We've lived in our house since 2008 and the grass in the backyard has always been a problem.  For many years there were five large trees in the backyard which provided a lot of shade.  The previous owner had them all cut (and didn't have the decency to leave me the wood! ) on the advice of the realtor because it was too dark in the backyard, too many leaves, etc...  The grass that was there was very thin and spotty because of the lack of sunlight.  It slowly filled in over the course of the next two years or so but never really took hold.  Then we got a dog...   Between the urine and the ball chasing the grass really took a beating and now we have more mud than grass which is a real PITA most of the year.  Now that my little one (the human...lol) is running around I need a yard that will take a beating.  

I don't really know where to begin, I have read a little about "overseeding" (cutting the existing grass really short, raking out the dead stuff, applying seed) and think that maybe that's the ticket, but I'm wondering about what I should be doing to prep the soil and what kind of seed to use.  What should I look for in a grass seed that speaks to durability?  I just want a nice thick lawn so that when kids and dogs run around/fall down on it they get covered in grass stains and not mud.  I live in New Jersey so the grass will see freezing temps as well blazing heat, but it should get plenty of rain.  Any ideas?


----------



## abrucerd (Feb 19, 2013)

I can't really recommend the following, because I haven't gone through a season of trial and error yet, but this year I plan on introducing clover into my lawn:
http://cloverlawn.org/

Basically, clover stays green during droughts, requires less watering and maintenance, and is resistant to pet stains. The only downside I've read about it is that it's flowers attract bees, which is only really a downside if you're worried about kids (I have one, and I'm sure he'll survive ).

Anyway, I plan on frost seeding (http://www.versicolor.ca/lawns/docs/clover.html#spring) clover in the next few weeks, and hopefully it will start overtaking my standard grass (and crabgrass) over the next few years.

Best of luck!


----------



## Beetle-Kill (Feb 19, 2013)

You could try Zoysia grass plugs. They worked for me even though they're rated to grow only to 5900 ft. elev., and I'm at 8200.
Dog pee areas, well,...you have to "thatch the piss" out of them.
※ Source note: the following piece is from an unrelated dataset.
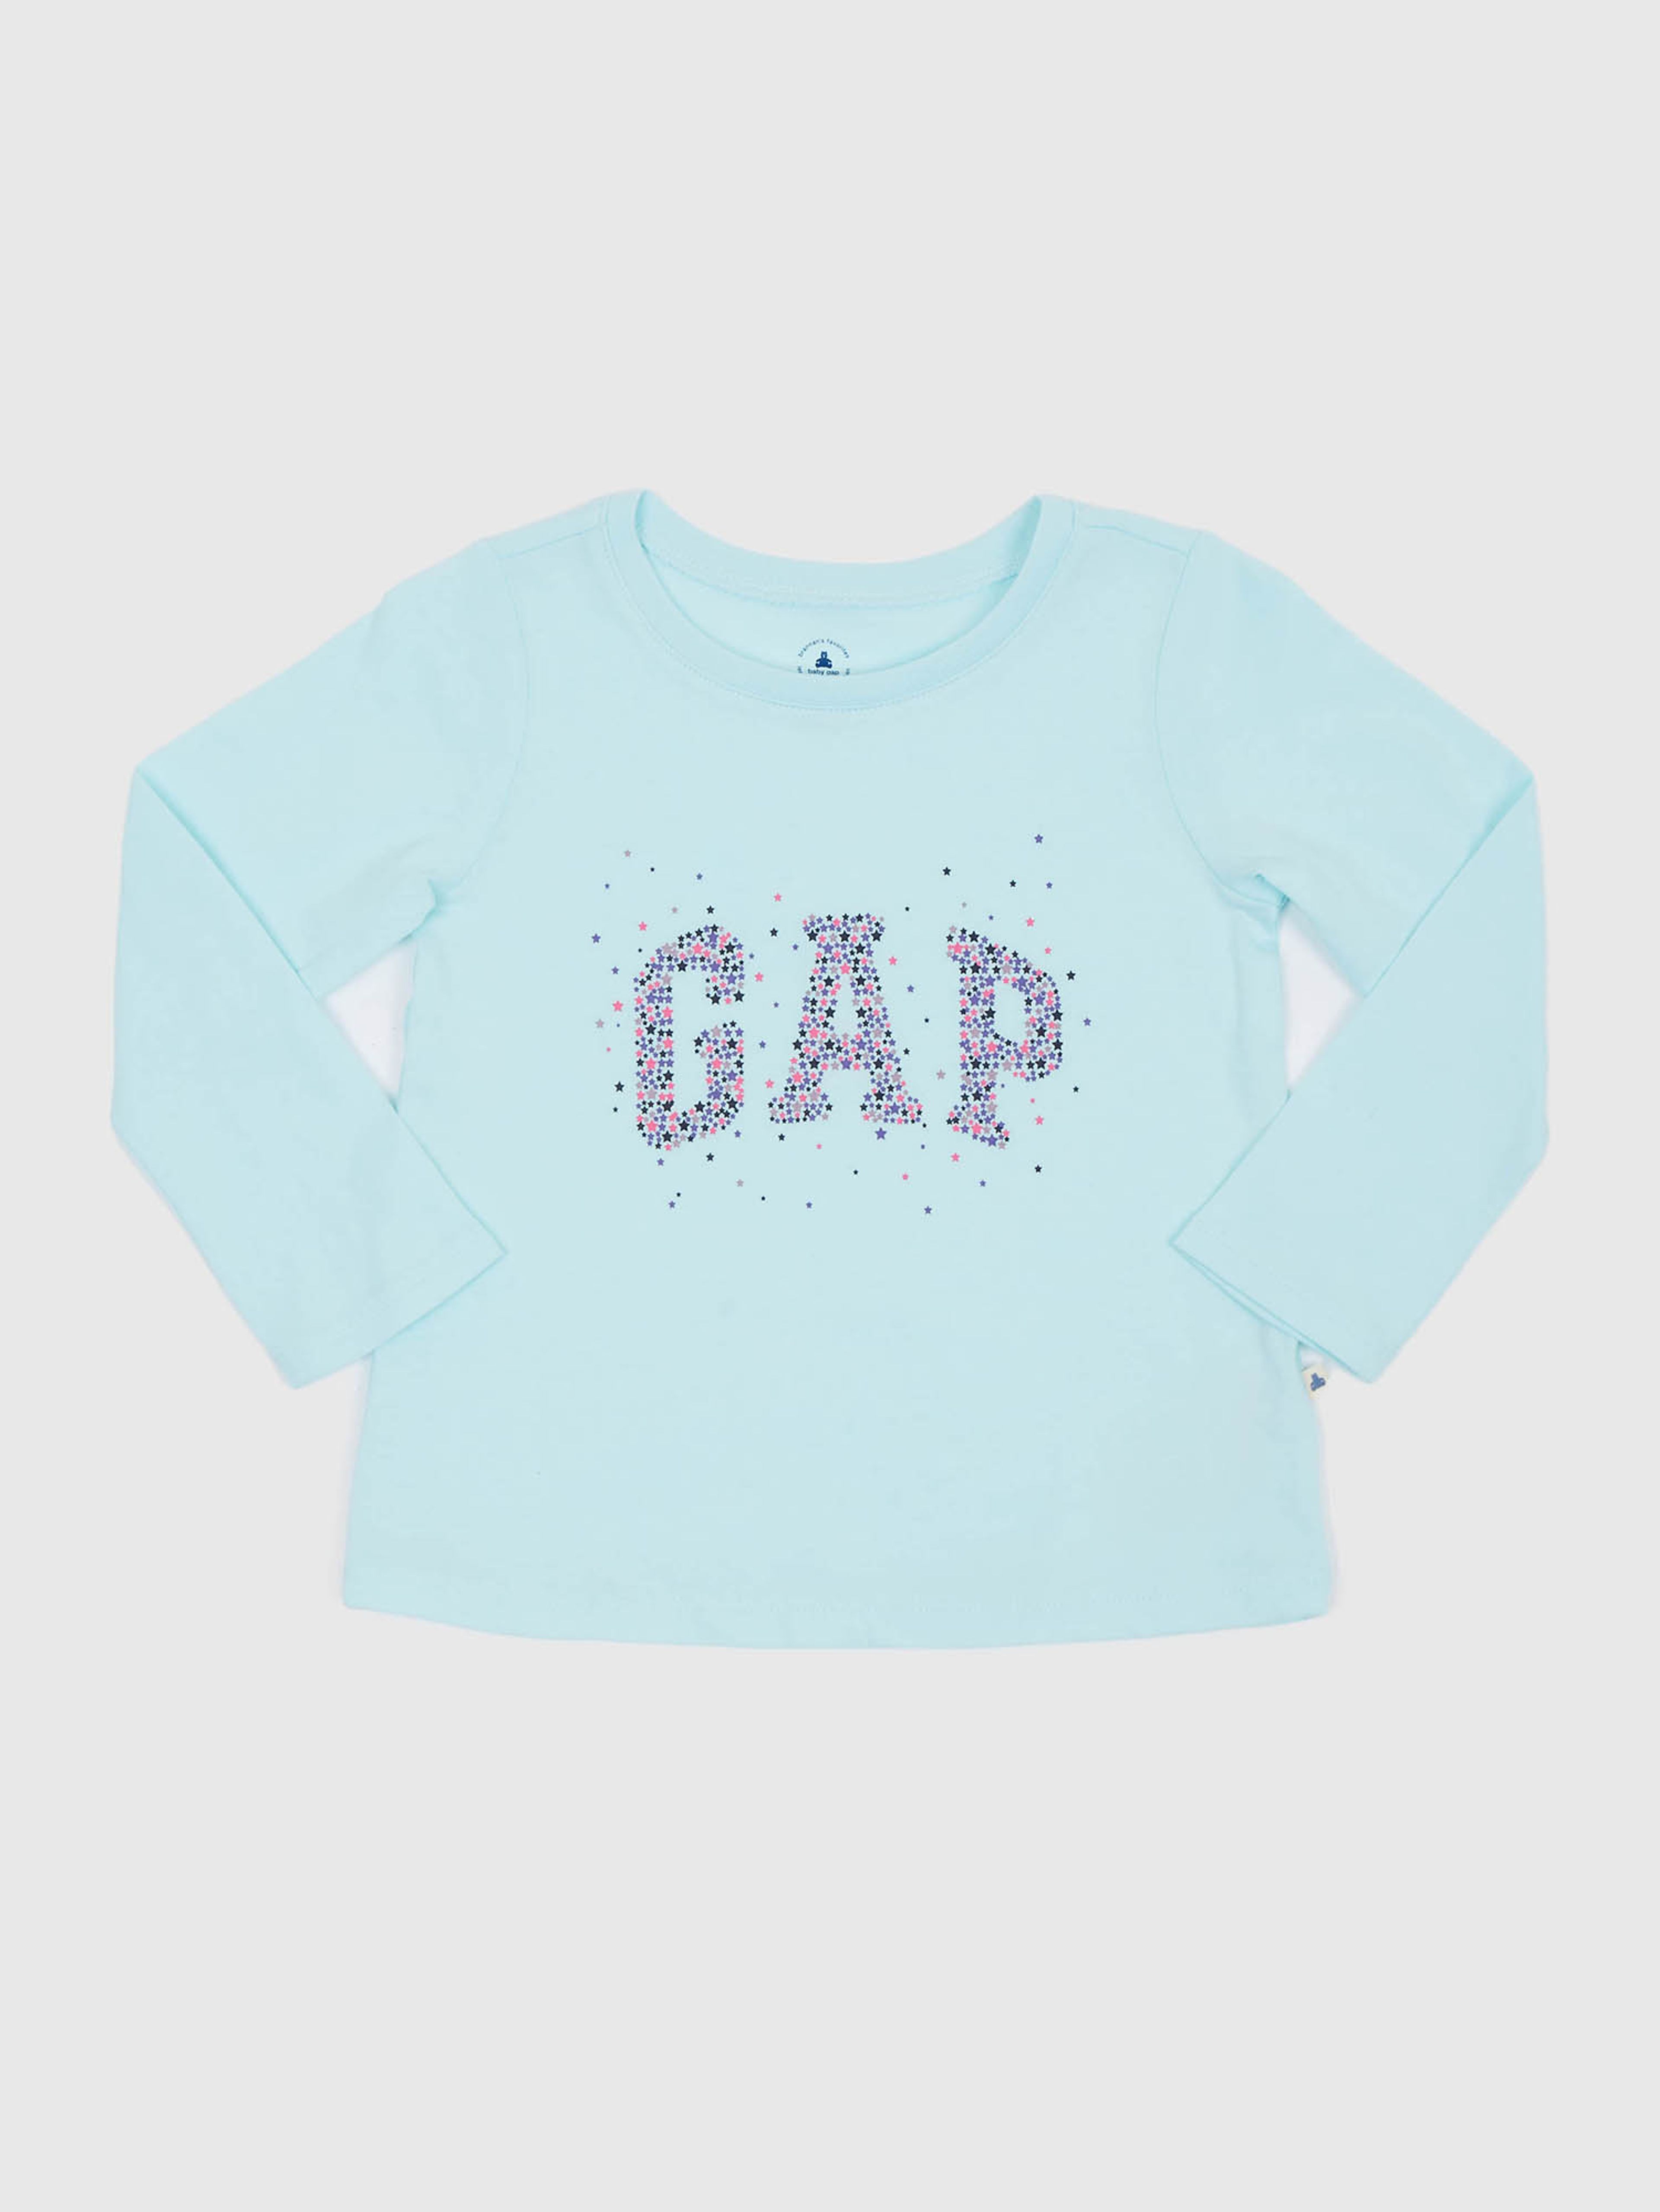 Dziecięca koszulka z logo GAP

I did, then stuck some zoysia plugs in those areas and it all came back.
Zoysia has been around for years, it might work for you.


----------



## loadstarken (Feb 20, 2013)

abrucerd said:


> I can't really recommend the following, because I haven't gone through a season of trial and error yet, but this year I plan on introducing clover into my lawn:
> http://cloverlawn.org/


You beat me to it!  Hehe
I have been wanting to do this for the last couple of years because there are a bunch of rentals in the neighborhood and the dandelions are out of control.  

The last couple of years I spent most of the time building a hops and vegetable garden so this might be my year to get my clover lawn going.  I mentioned it once to a friend that is anal about his lawn and he freaked out on me because he said it was a weed and I was stupid for considering it.  Oh well!  Hehe

I was at a golf course last year and noticed that there was a ton of clover so I talked with the grounds keeper about it.  He said it is the only thing that has lasted in high traffic areas and lives thru droughts.  I asked him what he does with the flowers that attracts bees and he said that he drops the mowers down a notch and puts a high suction pick up blade on when he see's them to cut them off.


----------



## blujacket (Feb 20, 2013)

Turf Type Tall Fescue


----------



## billb3 (Feb 20, 2013)

Clover isn't the greatest for going bare foot or toddlers on all fours. ( bees)
It can stay green though and even help crowd out and cool the soil for weeds like crabgrass.

It's possible and likely you still have a majority of fine fescue shade grass barely surviving in the heat of Summer.

Sometimes you're better off rototilling, raking out as much of the crap you've got now and just plain starting over.
Fall is usually best, but if you have to do it in the Spring it's usually best to get started ASAP.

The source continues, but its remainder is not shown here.